RECORD SET
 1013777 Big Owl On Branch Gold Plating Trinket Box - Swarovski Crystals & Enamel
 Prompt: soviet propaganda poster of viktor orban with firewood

...

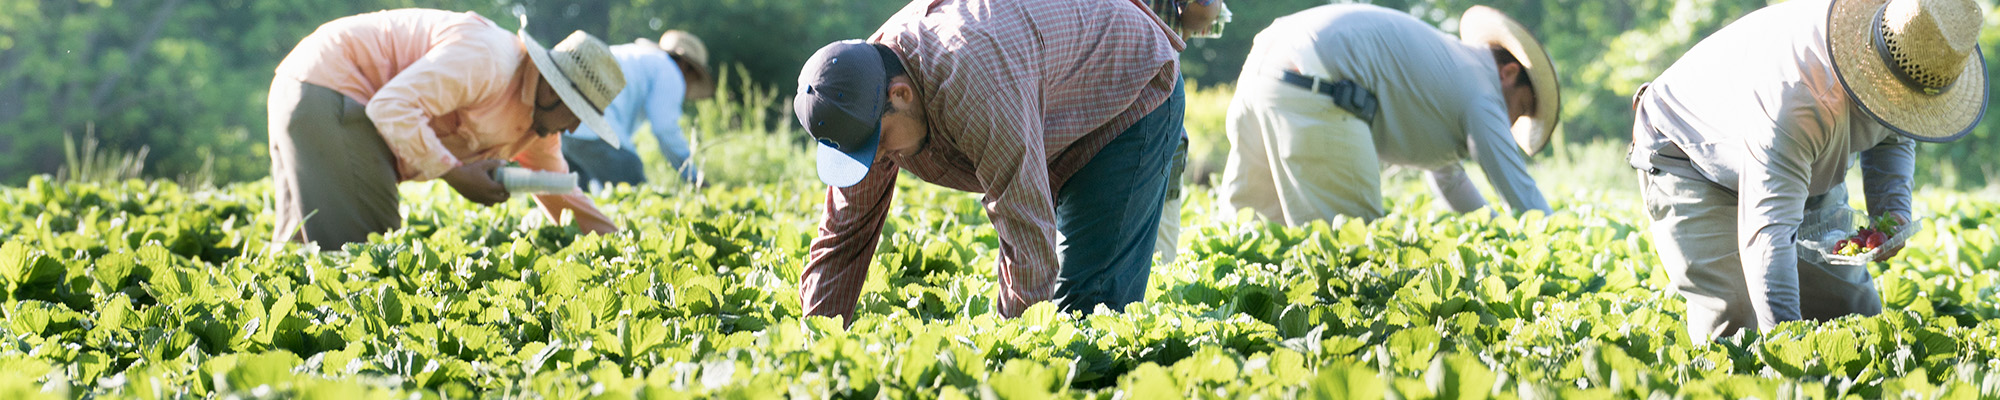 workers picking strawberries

==

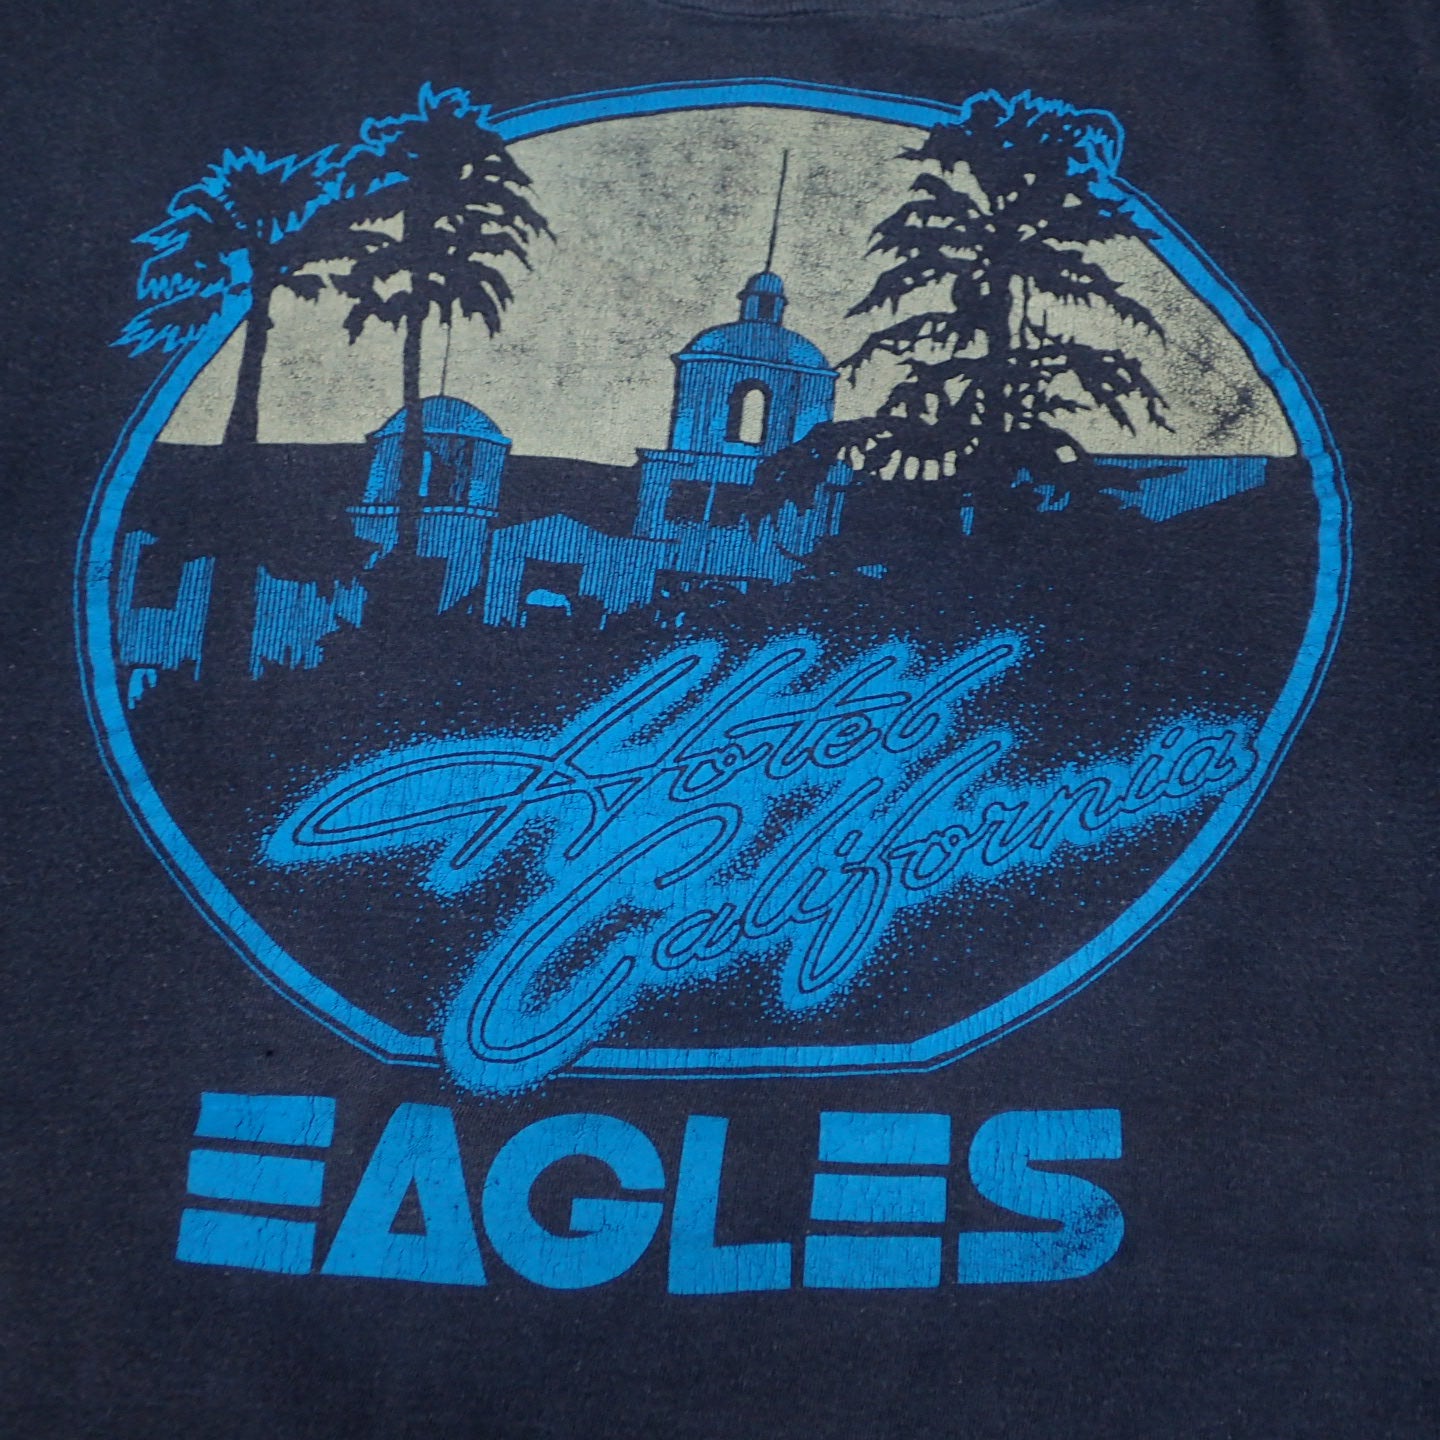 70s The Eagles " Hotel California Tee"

ASSIGNMENT
Above are the entries. Copy exactly the part that opens with the line containing "1013777 Big Owl" and closes with the line containing "Prompt: soviet propaganda", and no more.

WRITTEN SOLUTION
 1013777 Big Owl On Branch Gold Plating Trinket Box - Swarovski Crystals & Enamel
 Prompt: soviet propaganda poster of viktor orban with firewood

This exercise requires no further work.